Much of the tearjerking comes from James' understated, mossy vocals. He sings as if he had just slid out of a coma: relearning each syllable, tackling them slowly while searching for strength enough to sustain the notes. It's haunting, and it dovetails sweetly with the minimalist, lonely aesthetic of You Can't Win's mostly acoustic instrumentation. But the loneliness Dolorean chronicles on You Can't Win is of the self-imposed variety. "Just leave us to our own device," James sings on the piano-and-banjo-driven ballad "We Winter Wrens": "We winter wrens are fine." The statement almost sounds spiteful and sarcastic--until he adds, "There's no mistake of the call we make/ When no one else is around." Isolation, James is saying, equals better art.
He then turns around and questions the wisdom of that sentiment on "Heather, Remind Me How This Ends," a divorce ballad that peers out regretfully on an old flame's embers from a slow-moving train.
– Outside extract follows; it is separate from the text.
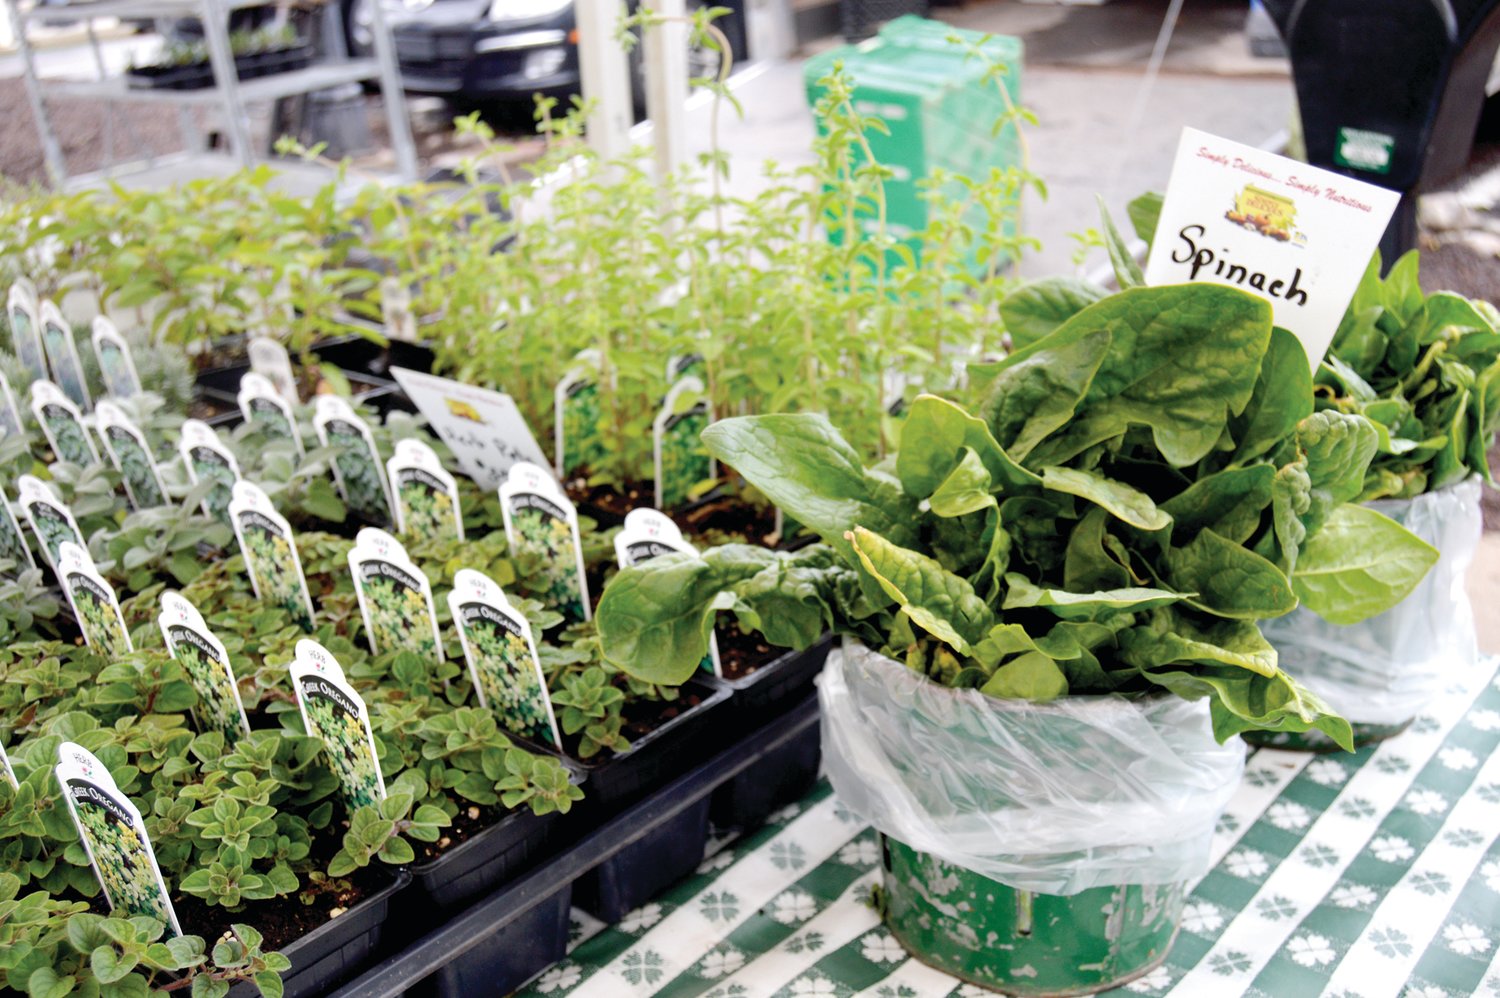 Spinach and fresh herbs were among the early spring crops for sale at the first Doylestown market of the harvest season.

All this melodrama seems at home in the Northwest, where the long, wet winter months can slow life down to a crawl. These songs, too, sound like rainstorms that only Oregonians are patient enough to wait out. And "Beachcomber Blues" sounds like the Oregon coast, with Ben Nugent's brushed drumming and Laura Gibson's harmonies blowing in like ocean winds. I spent most of my life near Oregon's beaches, and they are truly as beautiful and miserable as, well, Dolorean.
Loneliness, James admits, will drive a man to drink ("What One Bottle Can Do") and hallucinate ("My Still Life"). But rather than turn his back on the waves of heartbreak that besiege him, James collects the driftwood and builds a home with it. That's what makes Dolorean beautiful. And it's what makes You Can't Win a winner. Now, if you'll pardon me, I've got some sobbing to do. CASEY JARMAN.